Petrogenesis and metallogenesis of the Kawuliuke Fe-P-Ti oxide-rich intrusive complex in the Kuluketage Block, northeastern Tarim Craton

Abstract

The Kawuliuke Fe-P-Ti oxide-rich intrusive complex is one of the largest layered mafic–ultramafic complexes associated with Fe-P-(Ti) oxide deposits in the Kuluketage Block, northeastern Tarim Craton, NW China.
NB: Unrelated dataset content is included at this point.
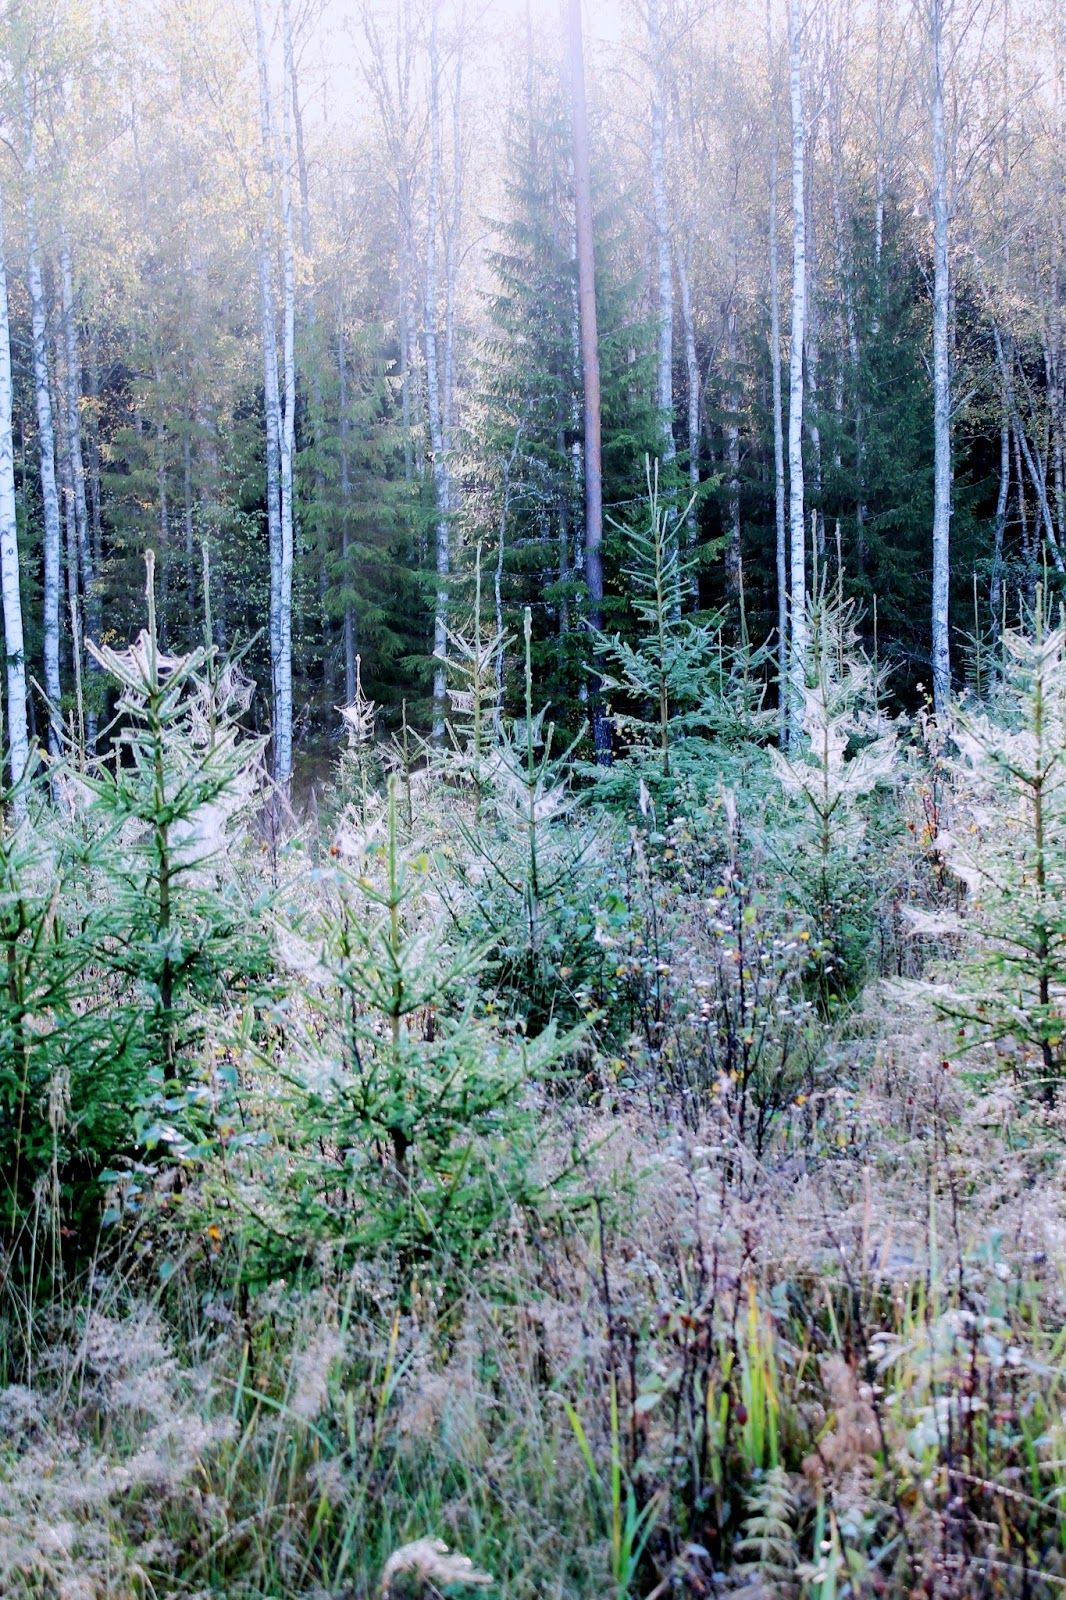 Magical forests in Finland | Alinan kotona blog

Here, based on new field observations, whole-rock trace element, radiometric dating analyses as well as Sr-Nd-Hf isotopes we propose a non-cogenetic origin of the parental magmas of the mafic–ultramafic rocks and syenite in the Kawuliuke intrusive complex (KIC), both of which formed synchronously at circa 808 Ma.Geochemical characteristics and Sr-Nd-Hf-S isotopes ((87Sr/86Sr)i = 0.70437–0.70560; εNd(t) = -2.60 to −7.15; εHf(t) = -1.3 to −10.0; δ34S = -2.98 ‰ to + 2.36 ‰), in combination with minerals composition and previous research, strongly indicate that the mafic–ultramafic rocks of the KIC formed via extensive crystal fractionation/cumulation of a tholeiitic magma, possibly derived from partial melting of an enriched subcontinental lithospheric mantle previously modified by slab-released fluids in a continental rift setting. The Kawuliuke syenite, meanwhile, is interpreted as generated by the emplacement of syenitic melts from the differentiation of newly coeval underplating basaltic magmas at depth based on lines of evidence from petrography, geochemical signatures and Sr-Nd-Hf isotopes. Our newly presented enriched Sr-Nd-Hf isotopic signatures, together with previous research, suggest that the enriched subcontinental lithospheric mantle could be metasomatized by asthenosphere mantle melts in different degrees. We further show the Kawuliuke clinopyroxenite-related apatite-rich oxide ores were the products of normal fractional crystallization/cumulation of H2O-Fe-P-Ti enriched residual magma in high oxygen fugacity condition, which experienced high differentiation. The tempo-spatial relationships of the KIC and other regional coeval mafic rocks jointly suggest that the KIC was most likely formed in response to the proposed mid-Neoproterozoic mantle plume in Tarim Craton, which likely induced partial malting of, and likely mixed with, the metasomatized subcontinental lithospheric mantle, to form the KIC with clinopyroxenite-related Fe-P-Ti oxide mineralization.